Salle du Landry, lieu du Rendez-Vous.

Quelque part, à peu près vers 18h12 le 05 octobre 2021

Arrivés en avance, quelques groupes d’habitant·e·s se forment à l’entrée de la salle prévue pour accueillir la rencontre. On se salue. Covid oblige, le plissement des yeux et le hochement de tête remplacent désormais la bise et la poignée de main. On en profite pour prendre des nouvelles des un·e·s et des autres. « Tiens, Vincent** a une béquille… », s’inquiète-t-on par ici en voyant un voisin arrivant clopin-clopant. « Evelyne** arrivera en retard, elle est bloquée à son travail… », annonce-t-on par là. Rapidement, la Une du magazine Le Mensuel consacrée aux tours et immeubles qui poussent à Rennes comme de la mauvaise herbe fait réagir. Et pour cause. C’est tout l’enjeu de la réunion de ce soir. Depuis plus de deux ans maintenant, les riverain·e·s de la rue de Vern s’opposent au projet gargantuesque de réaménagement du siège social d’Aiguillon Construction.

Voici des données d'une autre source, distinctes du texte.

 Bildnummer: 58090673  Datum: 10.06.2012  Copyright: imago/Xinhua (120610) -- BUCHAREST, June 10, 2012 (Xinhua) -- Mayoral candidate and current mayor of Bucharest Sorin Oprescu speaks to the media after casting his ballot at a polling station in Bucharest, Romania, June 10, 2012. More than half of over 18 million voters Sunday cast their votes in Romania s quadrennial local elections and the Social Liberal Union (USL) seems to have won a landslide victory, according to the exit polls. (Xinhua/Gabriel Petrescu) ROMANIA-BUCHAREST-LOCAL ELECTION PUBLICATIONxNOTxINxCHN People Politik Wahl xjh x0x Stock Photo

Nous, bermuda et petit sweat, on se les gèle dehors. L’été est bel et bien fini. Du coup, on ne s’attarde pas trop, et rentrons à l’intérieur, la goutte au nez. Une feuille d’émargement posée sur une table est là pour nous accueillir.  « Pas envie de me retrouver sur des listes noires pour être évincé d’un jury de la charte de la construction ! », grommelle-t-on derrière-nous. Certain·e·s ne la signeront pas. Tout comme nous. Dans la pièce, Fréderic Bourcier, délégué au quartier Francisco-Ferrer-Landry-Poterie tout de noir vêtu, est déjà assis au premier rang tel un bon élève discipliné. Il est rejoint quelques minutes plus tard par Marc Hervé, VRP et responsable du service après-vente de l’hyper-concentration rennaise.

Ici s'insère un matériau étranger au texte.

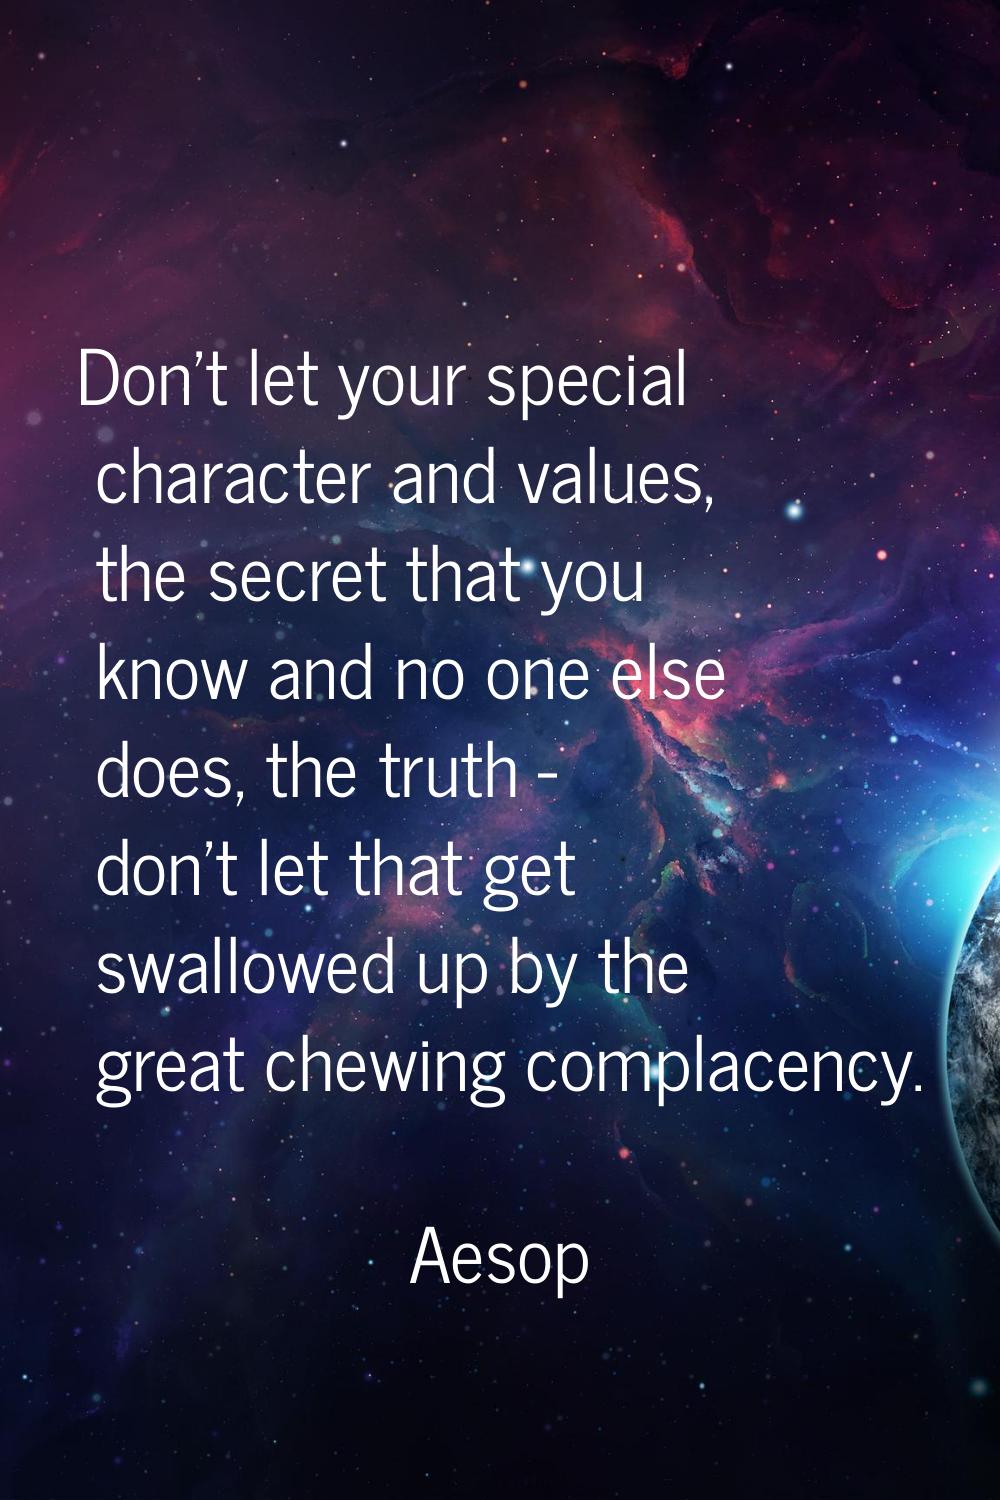 Don't let your special character and values, the secret that you know and no one else does, the tru

En attendant le début des hostilités, les deux comparses s’entretiennent avec le DG d’Aiguillon, Frédéric Loison, et l’architecte  Jean-Pierre Leveque (de l’atelier d’architecture Brenac & Gonzalez). On aimerait savoir ce qu’ils se disent mais de là où nous sommes, impossible de capter quoique que ce soit. En tout cas, il est intéressant de constater que les élu·e·s semblent plus à l’aise à discuter avec les promoteurs plutôt qu’avec leurs administré·e·s qui attendent patiemment, assis·es sur leurs chaises. « Nous ne sommes pas du même camp ! ». Allez savoir pourquoi, mais l’image de cette sortie grotesque du préfet Didier Lallement nous revient en tête juste à ce moment-là !

Aiguillon Construction, La Poterie

La réunion débute avec les mots du directeur général. Micro à la main, la voix est posée, calme, et les mots soigneusement choisis. Le ton est vite donné.  « On vous a écouté·e·s, on a retravaillé le projet. » Ça caresse dans le sens du poil. Le monsieur Loyal de la soirée énumère les différents points de frictions qui ont tous été revus à la baisse. Moins de hauteur, moins de logements, moins de bureaux, moins de profondeur. Avec son air paternaliste faussement rassurant, on se laisserait presque bercer par cette douce musique réconfortante. Sauf que non. Toutes ces modifications n’ont pas fait l’objet de concertations, ni  d’échanges avec les riverain·e·s. A aucun moment, leurs suggestions n’ont été prises en compte. D’ailleurs, le DG ne s’en cache pas, quitte à devenir arrogant, en avouant dans la presse+d1fos que l’ « objectif n’était pas de trouver un compromis avec les habitants. Plutôt de trouver un équilibre économique… » Certain·e·s pensent « humain d’abord », d’autres « équilibre économique ». Choisis ton camp, camarade !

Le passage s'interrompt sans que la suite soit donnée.